Notes: Abstract In addition to producing acute neuronal necrosis within selectively vulnerable brain regions, our recent studies have shown that global cerebral ischemia may also be followed by protracted degenerative changes occurring over the course of 10 weeks. Chronic brain pathology may be associated with the abnormal deposition of β-amyloid precursor protein (βAPP). In the present study, we used a monoclonal antibody to the N-terminal portion of βAPP to characterize the brains of rats surviving 1–10 weeks following 10 min of global brain ischemia produced by bilateral carotid artery occlusions plus systemic hypotension. After ischemia, increased βAPP immunolabeling emerged in several brain regions. In the hippocampus, granular deposits appeared in the damaged CA1 area by 2 weeks, and by 4–10 weeks the remnants of necrotic CA1 neurons were also immunolabeled. In striatum and thalamus, regions with necrotic cell death also revealed granular βAPP deposits. The neocortex was devoid of overt ischemic neuronal damage but revealed prominent βAPP immunoreactivity. Large ovoid deposits of low-density βAPP immunostaining occurred in cortical neurons at 1–2 weeks. At 4–10 weeks, large round or oval deposits immunoreactive for βAPP appeared in several cortical regions. The highest density of deposits was seen in the temporal and piriform cortices. Our results indicate that abnormal βAPP deposition may result from ischemic as well as chronic neurodegenerative processes.

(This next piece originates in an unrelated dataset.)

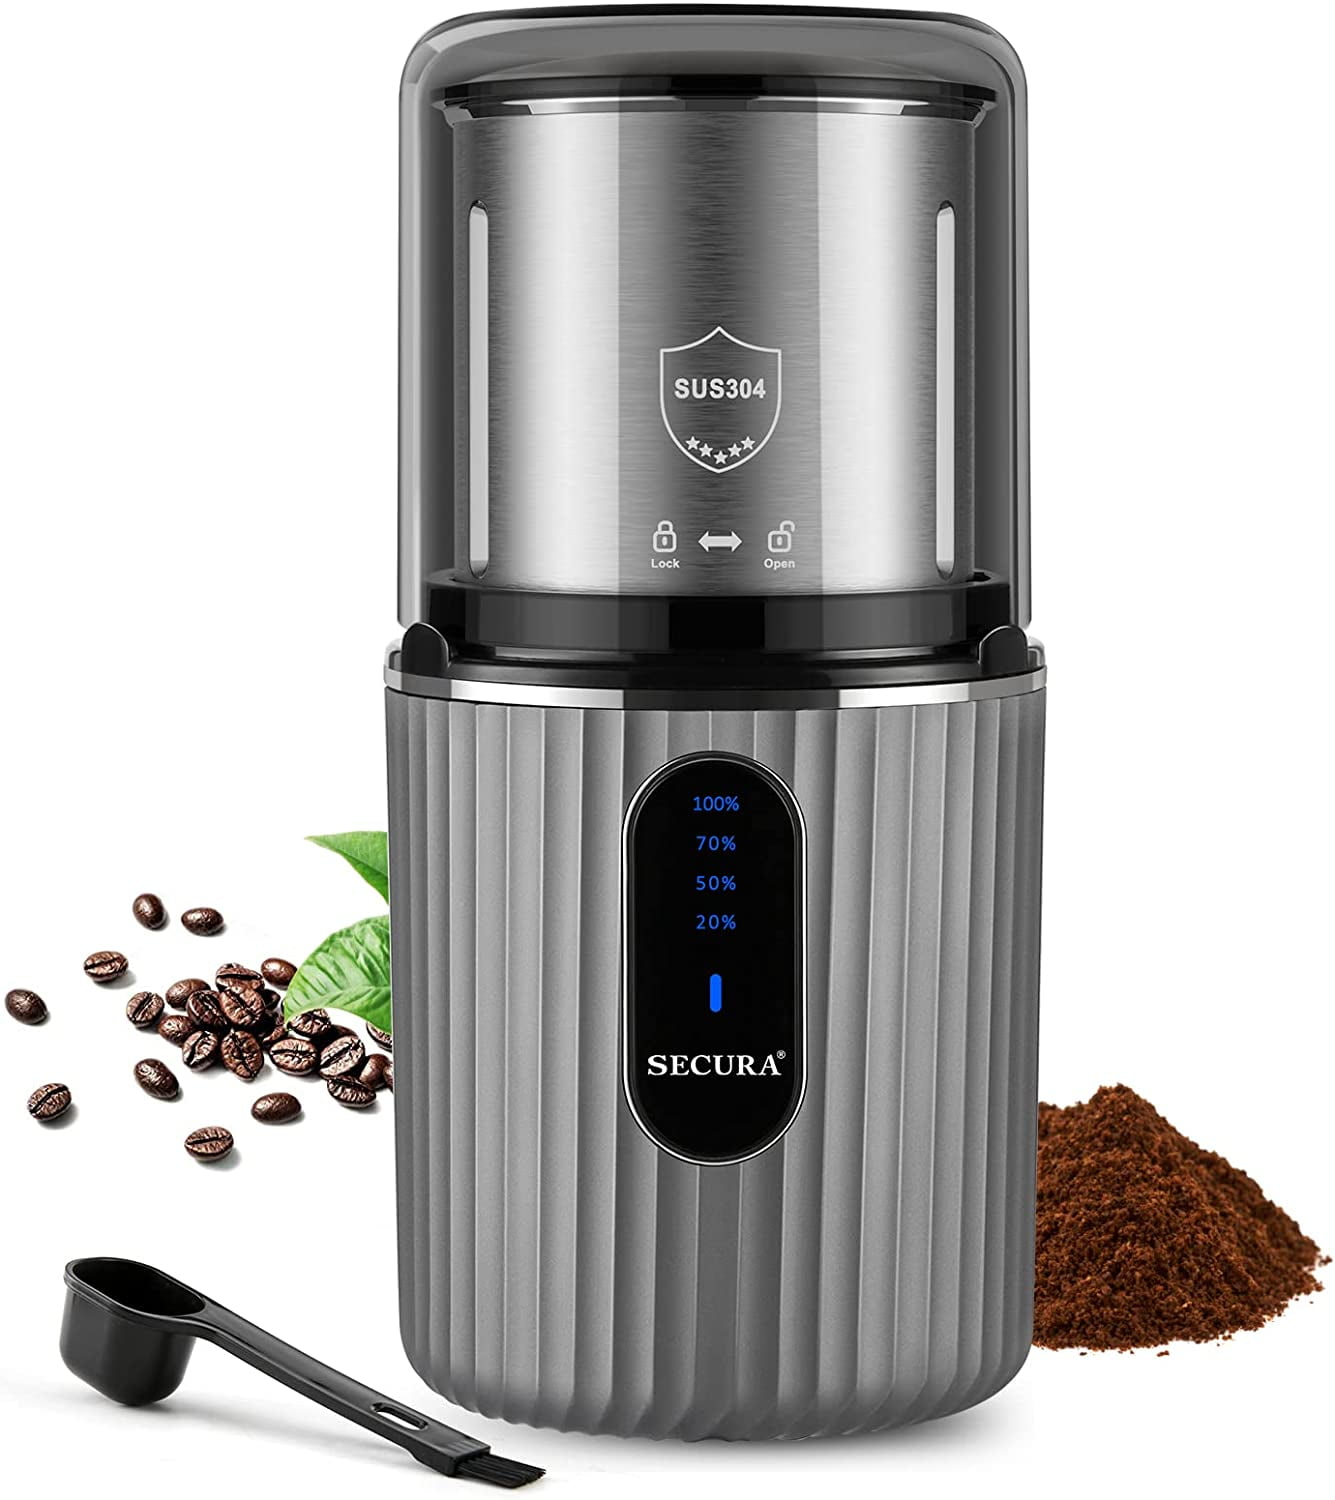  Cordless Coffee Grinder Electric, Adjustable Coffee Grinder,  Portable Electric Espresso Spices Grinder Kitchen Coffee Making Tool,  Rechargeable Coffee Bean Grinder for Home : Home & Kitchen

Notes: Abstract We undertook a detailed characterization of the cellular responses to acute global cerebral ischemia complicated by hyperglycemia. Anesthetized, physiologically monitored male Wistar rats received 12.5 min of global forebrain ischemia by bilateral common carotid artery occlusions plus hemorrhagic hypotension to 45 mm Hg. Cranial temperature was maintained at normothermic levels. Hyperglycemic animals received dextrose (2.5 ml of a 25% solution, intraperitoneally) prior to ischemia; this doubled the mean plasma glucose concentration to 296 mg/100 ml. At 3 days (n = 10) or 24 h (n = 4) after ischemia, brains were perfusion-fixed and paraffin-embedded for light microscopic histopathology and for the histochemical visualization of activated microglia and the immunocytochemical visualization of glial fibrillary acid protein. Normal-neuron counts in the vulnerable hippocampal CA1 sector of hyperglycemic-ischemic (HI) rats were reduced to one-third the number observed in normoglycemic-ischemic (NI) animals. Ischemic cell counts in the striatum were increased fivefold or more in HI compared to NI rats, and normal small-neuron counts were reduced by two-thirds. The neocortex and striatum of NI rats showed only mild damage, while the majority of HI rats had extensive lesions, and several showed large cortical, striatal or thalamic infarcts. In addition, widespread cortical ischemic neuronal changes were evident in HI animals. No endothelial alterations were present in NI rats. By contrast, HI rats showed prominent peri- and intravascular polymorphonuclear and monocytic accumulation evident at 24 h; frequent white cell thrombi in pial arterioles on day 3; and thickening of vascular endothelium, with foci of parenchymal rarefaction or microinfarction adjacent to occluded vessels. Prominent microglial activation, often along the course of penetrating blood vessels, was common in the striatum and neocortex of HI animals but was much less extensive in the NI group. Activated microglia in HI rats were typically hypertrophic and amoeboid. These results suggest that the detrimental influence of hyperglycemia in ischemia is initially mediated by an action on vascular endothelium, which in turn leads to widespread foci of infarction and neuronal loss.